3. World-Systems Approach 3.1. Description
In one of his now "classic" works, Immanuel Wallerstein defines the term world-system "as a unit with a single division of labor and multiple cultural systems." [3, p. 75]. The scholar envisions the concept of a world-system as a unit of analysis in world history, instead of states, nations, nationalities, and other traditional groupings. In the Preface to the first volume of his work The Modern World System I the scholar explains: "This book makes a radically different assumption. It assumes that the unit of analysis is the economic entity, the one that is measured by the existence of an effective division of labor, and that the relationship of such economic boundaries to political and cultural boundaries is variable, and therefore must be determined by empirical research for each historic case. Once we assume that the unit of analysis is such a "world-system" and not the "state" or the "nation" or the "people," then much changes in the outcome of the analysis. Most specifically we shift from a concern with the attributive characteristics of states to concern with the relational characteristics of states. We shift from seeing classes (and status-groups) as groups within a state to seeing them as groups within a world-economy." [4, p. XI].

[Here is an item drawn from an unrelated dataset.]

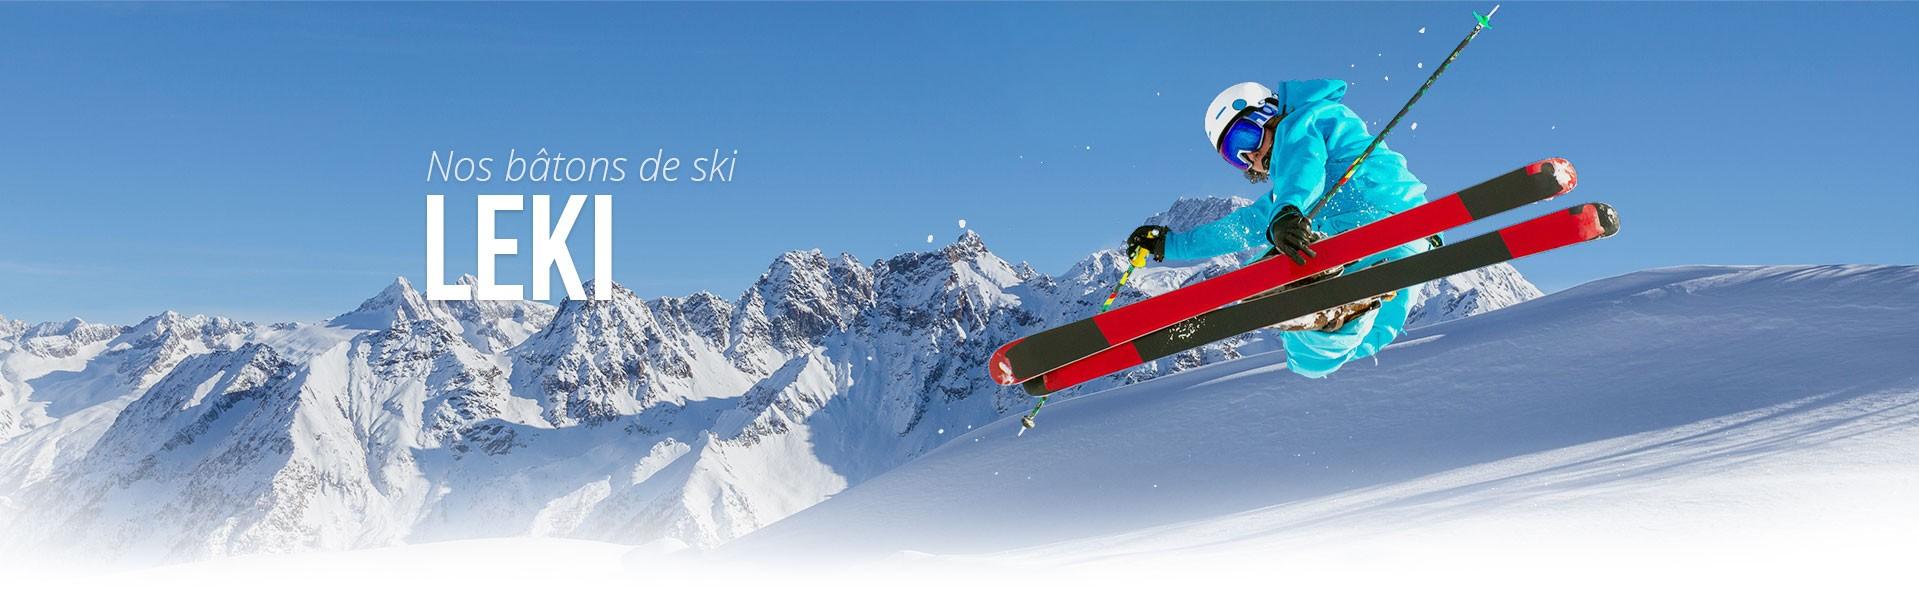 Bâtons de ski Racing Léki

According to the scholar, the modern world-system originates in Western Europe and the Americas in the 16th-century. First the Dutch Republic, then Britain and France, lead the way in its gradual expansion, until, by the 19th century, virtually every area on earth is encompassed by it. The most prominent feature of the modern world-system is its division into a highly industrialized core, a moderately developed semi-periphery, and an underdeveloped periphery. The semi-periphery acts as a periphery to the core and as a core to the periphery, and, by the end of the 20th century, it includes Eastern Europe, China, Brazil, and Mexico.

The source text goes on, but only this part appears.